▸ TASK DESCRIPTION
Please repeat the data shown below, word for word.
********
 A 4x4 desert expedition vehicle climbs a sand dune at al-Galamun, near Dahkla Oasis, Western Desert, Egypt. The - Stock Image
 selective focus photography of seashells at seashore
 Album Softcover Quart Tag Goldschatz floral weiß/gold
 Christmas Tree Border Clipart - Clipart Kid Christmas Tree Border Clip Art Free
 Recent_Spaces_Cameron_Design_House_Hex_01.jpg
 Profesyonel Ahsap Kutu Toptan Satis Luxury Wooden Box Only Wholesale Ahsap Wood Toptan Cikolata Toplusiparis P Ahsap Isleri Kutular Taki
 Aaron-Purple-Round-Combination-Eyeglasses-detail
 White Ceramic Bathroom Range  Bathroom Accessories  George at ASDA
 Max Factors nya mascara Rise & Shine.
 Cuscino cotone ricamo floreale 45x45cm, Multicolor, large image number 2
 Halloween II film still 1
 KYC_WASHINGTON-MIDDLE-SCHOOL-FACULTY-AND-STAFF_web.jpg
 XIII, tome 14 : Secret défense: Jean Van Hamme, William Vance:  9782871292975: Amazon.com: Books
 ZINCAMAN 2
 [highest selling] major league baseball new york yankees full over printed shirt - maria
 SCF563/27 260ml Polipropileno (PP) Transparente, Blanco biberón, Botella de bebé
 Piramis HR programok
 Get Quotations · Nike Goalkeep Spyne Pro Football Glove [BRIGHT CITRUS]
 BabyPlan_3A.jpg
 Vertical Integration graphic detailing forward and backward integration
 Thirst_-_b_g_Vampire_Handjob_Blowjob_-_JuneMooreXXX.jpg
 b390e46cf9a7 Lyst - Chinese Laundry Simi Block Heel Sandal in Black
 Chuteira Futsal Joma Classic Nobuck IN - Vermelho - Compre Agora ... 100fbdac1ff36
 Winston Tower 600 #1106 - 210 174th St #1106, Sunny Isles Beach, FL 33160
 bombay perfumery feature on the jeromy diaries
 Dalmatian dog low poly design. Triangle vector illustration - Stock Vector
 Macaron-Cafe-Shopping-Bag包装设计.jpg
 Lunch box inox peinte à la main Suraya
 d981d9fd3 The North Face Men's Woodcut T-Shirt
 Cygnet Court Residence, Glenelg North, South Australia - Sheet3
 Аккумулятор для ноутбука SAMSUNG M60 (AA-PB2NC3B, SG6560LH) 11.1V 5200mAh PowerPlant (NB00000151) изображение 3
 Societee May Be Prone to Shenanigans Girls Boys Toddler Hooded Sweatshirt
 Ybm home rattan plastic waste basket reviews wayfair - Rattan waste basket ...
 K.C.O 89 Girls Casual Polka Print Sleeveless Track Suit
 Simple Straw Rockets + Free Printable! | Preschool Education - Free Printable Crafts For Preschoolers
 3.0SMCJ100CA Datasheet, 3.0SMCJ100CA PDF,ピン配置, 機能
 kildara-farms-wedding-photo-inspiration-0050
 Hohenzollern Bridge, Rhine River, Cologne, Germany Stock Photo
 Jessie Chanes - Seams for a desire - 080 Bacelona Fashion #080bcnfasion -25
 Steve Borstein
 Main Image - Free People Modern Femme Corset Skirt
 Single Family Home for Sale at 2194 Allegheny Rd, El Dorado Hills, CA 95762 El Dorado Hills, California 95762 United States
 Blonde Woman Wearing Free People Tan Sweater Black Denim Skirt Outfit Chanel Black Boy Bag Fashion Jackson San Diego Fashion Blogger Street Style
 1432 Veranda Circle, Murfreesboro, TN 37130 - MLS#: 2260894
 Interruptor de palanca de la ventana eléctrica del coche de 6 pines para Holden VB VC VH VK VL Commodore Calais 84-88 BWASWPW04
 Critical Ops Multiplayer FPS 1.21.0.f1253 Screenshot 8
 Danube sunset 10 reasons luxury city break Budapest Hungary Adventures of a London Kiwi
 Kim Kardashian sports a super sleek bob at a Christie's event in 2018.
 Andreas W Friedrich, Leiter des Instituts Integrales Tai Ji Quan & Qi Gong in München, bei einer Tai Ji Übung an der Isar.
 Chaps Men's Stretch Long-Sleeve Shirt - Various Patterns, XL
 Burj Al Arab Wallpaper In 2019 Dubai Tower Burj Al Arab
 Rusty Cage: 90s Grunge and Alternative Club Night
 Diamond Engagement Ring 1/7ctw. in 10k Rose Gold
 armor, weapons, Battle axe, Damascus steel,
********
▸ WRITTEN ANSWER
 A 4x4 desert expedition vehicle climbs a sand dune at al-Galamun, near Dahkla Oasis, Western Desert, Egypt. The - Stock Image
 selective focus photography of seashells at seashore
 Album Softcover Quart Tag Goldschatz floral weiß/gold
 Christmas Tree Border Clipart - Clipart Kid Christmas Tree Border Clip Art Free
 Recent_Spaces_Cameron_Design_House_Hex_01.jpg
 Profesyonel Ahsap Kutu Toptan Satis Luxury Wooden Box Only Wholesale Ahsap Wood Toptan Cikolata Toplusiparis P Ahsap Isleri Kutular Taki
 Aaron-Purple-Round-Combination-Eyeglasses-detail
 White Ceramic Bathroom Range  Bathroom Accessories  George at ASDA
 Max Factors nya mascara Rise & Shine.
 Cuscino cotone ricamo floreale 45x45cm, Multicolor, large image number 2
 Halloween II film still 1
 KYC_WASHINGTON-MIDDLE-SCHOOL-FACULTY-AND-STAFF_web.jpg
 XIII, tome 14 : Secret défense: Jean Van Hamme, William Vance:  9782871292975: Amazon.com: Books
 ZINCAMAN 2
 [highest selling] major league baseball new york yankees full over printed shirt - maria
 SCF563/27 260ml Polipropileno (PP) Transparente, Blanco biberón, Botella de bebé
 Piramis HR programok
 Get Quotations · Nike Goalkeep Spyne Pro Football Glove [BRIGHT CITRUS]
 BabyPlan_3A.jpg
 Vertical Integration graphic detailing forward and backward integration
 Thirst_-_b_g_Vampire_Handjob_Blowjob_-_JuneMooreXXX.jpg
 b390e46cf9a7 Lyst - Chinese Laundry Simi Block Heel Sandal in Black
 Chuteira Futsal Joma Classic Nobuck IN - Vermelho - Compre Agora ... 100fbdac1ff36
 Winston Tower 600 #1106 - 210 174th St #1106, Sunny Isles Beach, FL 33160
 bombay perfumery feature on the jeromy diaries
 Dalmatian dog low poly design. Triangle vector illustration - Stock Vector
 Macaron-Cafe-Shopping-Bag包装设计.jpg
 Lunch box inox peinte à la main Suraya
 d981d9fd3 The North Face Men's Woodcut T-Shirt
 Cygnet Court Residence, Glenelg North, South Australia - Sheet3
 Аккумулятор для ноутбука SAMSUNG M60 (AA-PB2NC3B, SG6560LH) 11.1V 5200mAh PowerPlant (NB00000151) изображение 3
 Societee May Be Prone to Shenanigans Girls Boys Toddler Hooded Sweatshirt
 Ybm home rattan plastic waste basket reviews wayfair - Rattan waste basket ...
 K.C.O 89 Girls Casual Polka Print Sleeveless Track Suit
 Simple Straw Rockets + Free Printable! | Preschool Education - Free Printable Crafts For Preschoolers
 3.0SMCJ100CA Datasheet, 3.0SMCJ100CA PDF,ピン配置, 機能
 kildara-farms-wedding-photo-inspiration-0050
 Hohenzollern Bridge, Rhine River, Cologne, Germany Stock Photo
 Jessie Chanes - Seams for a desire - 080 Bacelona Fashion #080bcnfasion -25
 Steve Borstein
 Main Image - Free People Modern Femme Corset Skirt
 Single Family Home for Sale at 2194 Allegheny Rd, El Dorado Hills, CA 95762 El Dorado Hills, California 95762 United States
 Blonde Woman Wearing Free People Tan Sweater Black Denim Skirt Outfit Chanel Black Boy Bag Fashion Jackson San Diego Fashion Blogger Street Style
 1432 Veranda Circle, Murfreesboro, TN 37130 - MLS#: 2260894
 Interruptor de palanca de la ventana eléctrica del coche de 6 pines para Holden VB VC VH VK VL Commodore Calais 84-88 BWASWPW04
 Critical Ops Multiplayer FPS 1.21.0.f1253 Screenshot 8
 Danube sunset 10 reasons luxury city break Budapest Hungary Adventures of a London Kiwi
 Kim Kardashian sports a super sleek bob at a Christie's event in 2018.
 Andreas W Friedrich, Leiter des Instituts Integrales Tai Ji Quan & Qi Gong in München, bei einer Tai Ji Übung an der Isar.
 Chaps Men's Stretch Long-Sleeve Shirt - Various Patterns, XL
 Burj Al Arab Wallpaper In 2019 Dubai Tower Burj Al Arab
 Rusty Cage: 90s Grunge and Alternative Club Night
 Diamond Engagement Ring 1/7ctw. in 10k Rose Gold
 armor, weapons, Battle axe, Damascus steel,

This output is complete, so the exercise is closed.